Three sisters, named respectively Maria Candida, Maria Jacinta, and Maria Los Angeles Castro, on the 13th of February, 1839, applied by petition to J. B. Alvarado, then Mexican Governor of the Department of California, for a grant of the land known as the Rancho El Refugio, situated in that part of California now known as the county of Santa Cruz.
This petition was immediately referred by the governor to the administrator of the adjoining mission with directions to make a report upon the same. On the 10th of March following, that officer reported that the land solicited could be granted, and on the 16th of the same month the governor made a provisional concession of it to the petitioners; a concession which was subject to further action
in the premises. To guide him in such further action, the governor directed the prefect of the district to report to him upon the subject. The prefect reported that a grant in fee of the land solicited could be made to the parties, as it was vacant and was not claimed by anyone. Accordingly, on the 8th of April following (1839), the governor made a formal cession of the land to the three sisters by name, referring to the previous proceedings, and declaring them owners in fee and directing that the proper grant or title papers (titulo) issue to them, and that the proceedings in the case be retained for the information and approval of the departmental assembly. These proceedings were numbered 131. In the order of concession of the governor, the name of one of the sisters, Maria de los Angeles, was erased, and over the erasure was written the name of Jose Bolcoff. This concession or grant of the governor was approved by the departmental assembly on the 22d of May, 1840. The approval in the records of the assembly has in it the number, 131, and gives the date of the concession, and mentions the three sisters by name as the parties to whom the concession was made. On the 13th of June following the governor ordered a certificate of the approval to be given to the three sisters.

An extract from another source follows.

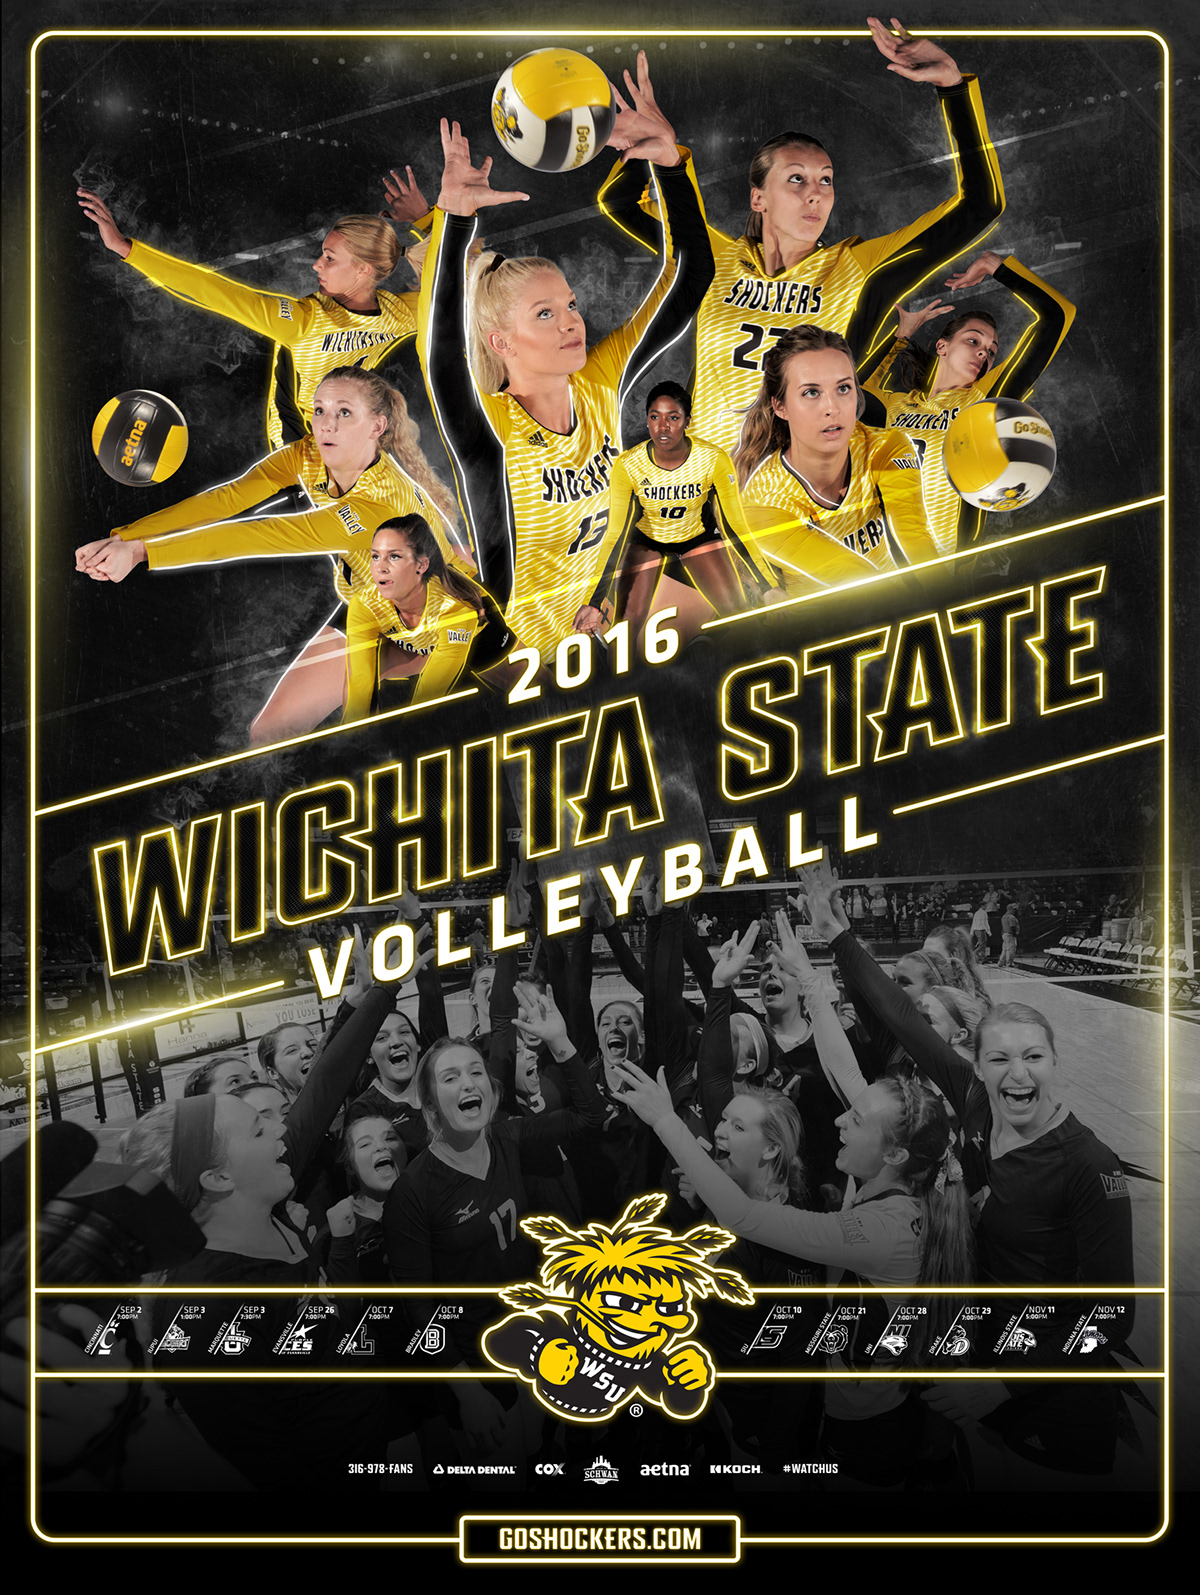 graphic design  sports posters WSU Wichita Wichita State University

At this time one Jose Castro was prefect of the first district, within which district the land granted was situated, and he kept a record or minute of the grants of land made in his district. His book of registry is now in the archives in the custody of the Surveyor General of the United States for California. In this registry is entered a minute that on the 8th day of April, 1839, the governor granted to the three sisters the place called El Refugio. In this registry there is also a similar minute of eight other grants, all of which are found in the archives, and each has a memorandum endorsed upon it that it has been entered in the registry. The memoranda on these eight grants and the entries in the registry correspond.
There is also in the archives an index of grants made between 1838 and 1845, by a clerk in the office of the secretary
of state of the department, and under his direction, which is commonly known as "Jimeno's Index." This Index gives the number of the espedientes, the names of the grantees, and the designation of the land granted. Upon the index against No. 131 is the entry of a grant of land designated as El Refugio, and the name of Jose Bolcoff is written over an erasure. It was admitted that originally the names of the three sisters were written there.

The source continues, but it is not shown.